House Bill to Establish GSA Modernization Centers of Excellence
Rep. Ro Khanna (D-CA) introduced a bill that would establish a program to facilitate the adoption of modern technology by executive agencies. The program is to be established by the GSA Administrator and called the Modernization Centers of Excellence Program. The program would have the following responsibilities:
- To modernize information technology and how a customer interacts with an executive agency.
- To improve cooperation between commercial and executive agency information technology sectors.
- To assist an executive agency with planning and adoption of modern technology and cloud computing
- To share best practices and expertise an executive agency.
- Other responsibilities the Director of Technology Transformation Services may identify.
DoD’s Coronavirus Acquisition Task Force Will be Permanent
Federal News Network reported that the Joint Acquisition Task Force (JATF), which was created to address the coronavirus, is transitioning to a permanent office. In 2021, the JATF will become the Defense Assisted Acquisition Cell (DA2C), which will be a part of the existing Joint Rapid Acquisition Cell (JRAC). The JATF has completed more than $3 billion in contracts for other agencies, including the Department of Health and Human Services (HHS) and Federal Emergency Management Agency (FEMA). According to Stacy Cummings, the assistant secretary of Defense for acquisitions enablers, the Department of Defense already has a well-established channel to work with FEMA and now it has a centralized organization to build and maintain relationships with other agencies. Major General Cameron Holt said the JATF has been able to vet vendors to prevent a lot of fraud, waste, and abuse.
VA Amending VAAR to Streamline and Align with the FAR
The Department of Veterans Affairs (VA) released a final rule that amends and updates the Veteran Affairs Acquisition Regulation (VAAR) to streamline and align with the Federal Acquisition Regulation (FAR). These changes will occur in phased increments. The VA will remove or revise any policy that is superseded by adjustments in the FAR, incorporate any new agency specific regulations or policies, and remove procedural guidance internal to the VA into the Veteran Affairs Acquisition Manual (VAAM). These changes to streamline the VAAR will remove duplicative requirements and reduce burden on contractors. As these changes to the VAAR are rewritten, the VA will publish them in the Federal Register. This final rule will go into effect on October 26, 2020.

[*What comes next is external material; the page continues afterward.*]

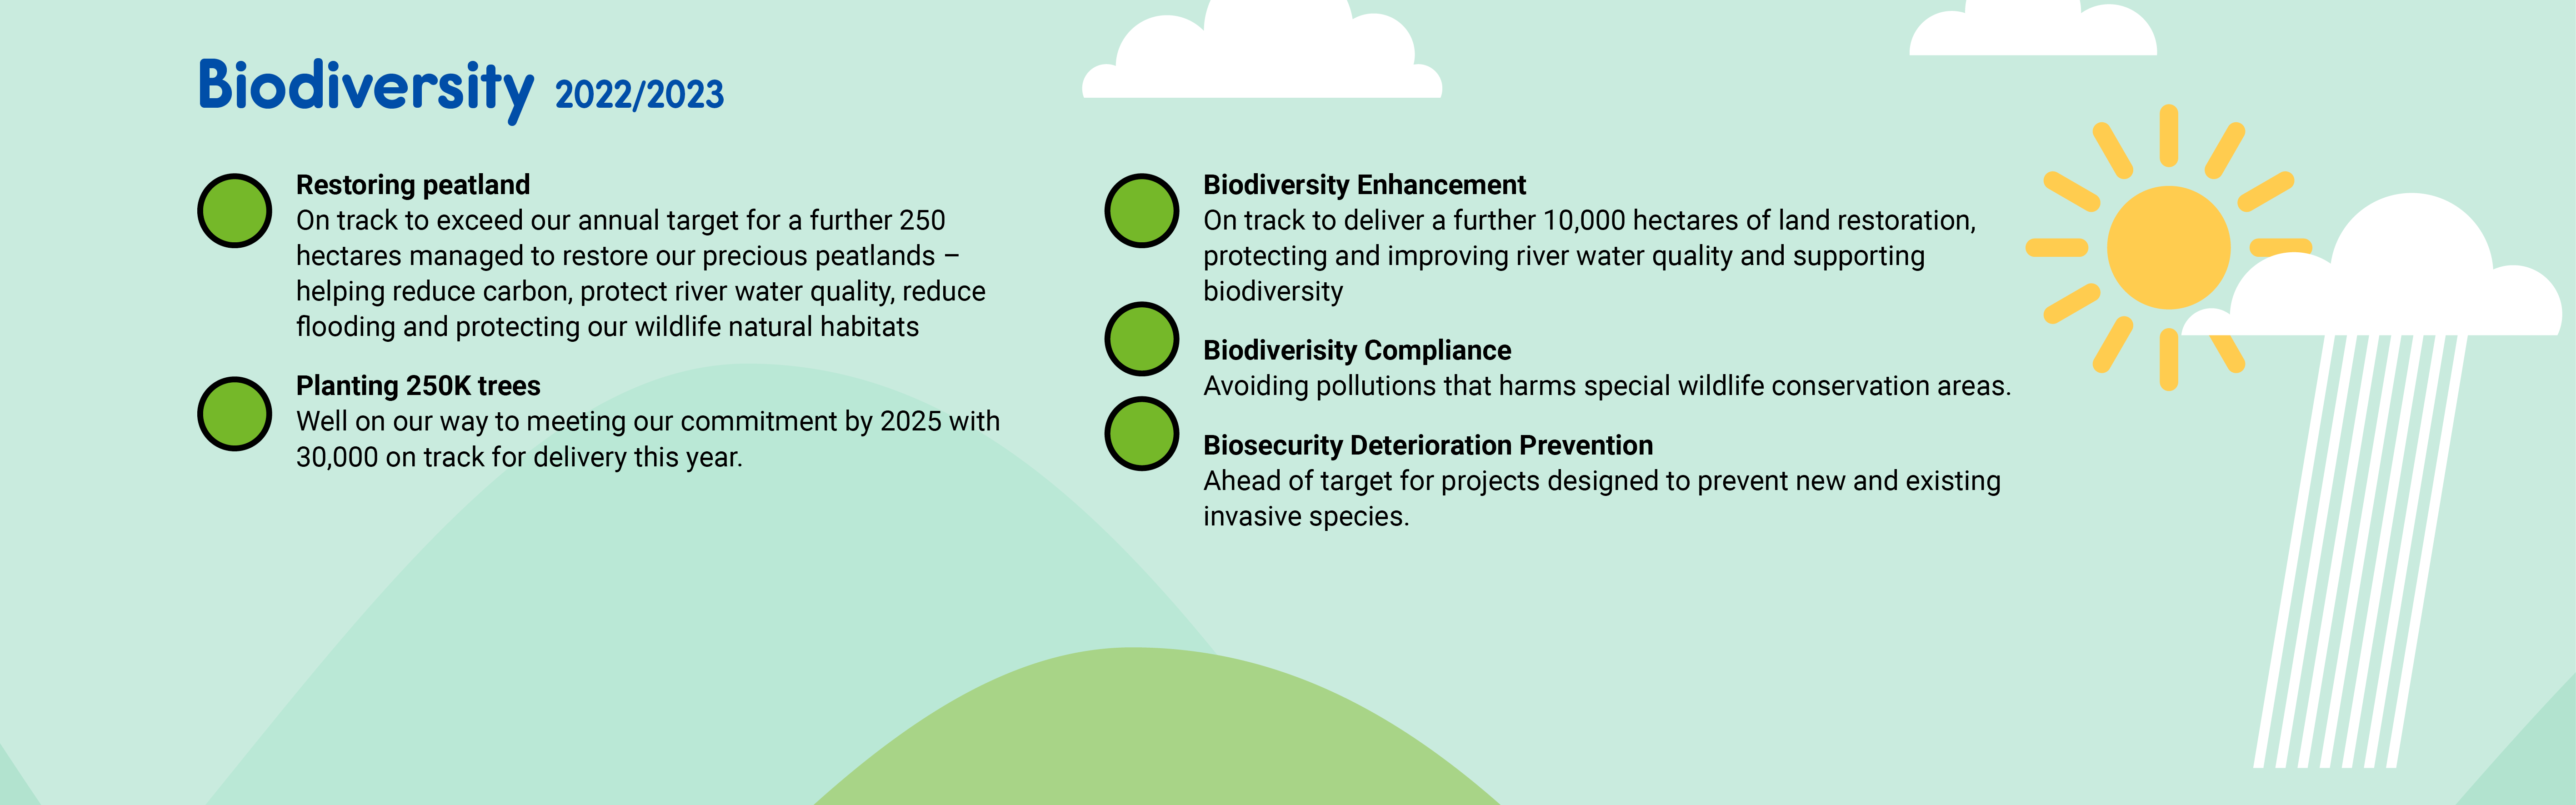 AB22-J10563_SWW_EP Infographic_v06_Section2_Biodiversity.png

DFARS Rule on Single Award IDIQs
The Department of Defense (DoD) released a final rule that modifies the Defense Federal Acquisition Regulation Supplement (DFARS) to adjust a requirement for awarding single award Indefinite Delivery/Indefinite Quantity (IDIQ) contracts. Currently, DoD can award IDIQ contracts exceeding $100 million to a single source if the head of agency makes a written determination. The final rule implements Section 816 of the 2020 National Defense Authorization Act (NDAA) and removes the requirement for a written determination if the head of agency made a written a determination for other than competitive procedures.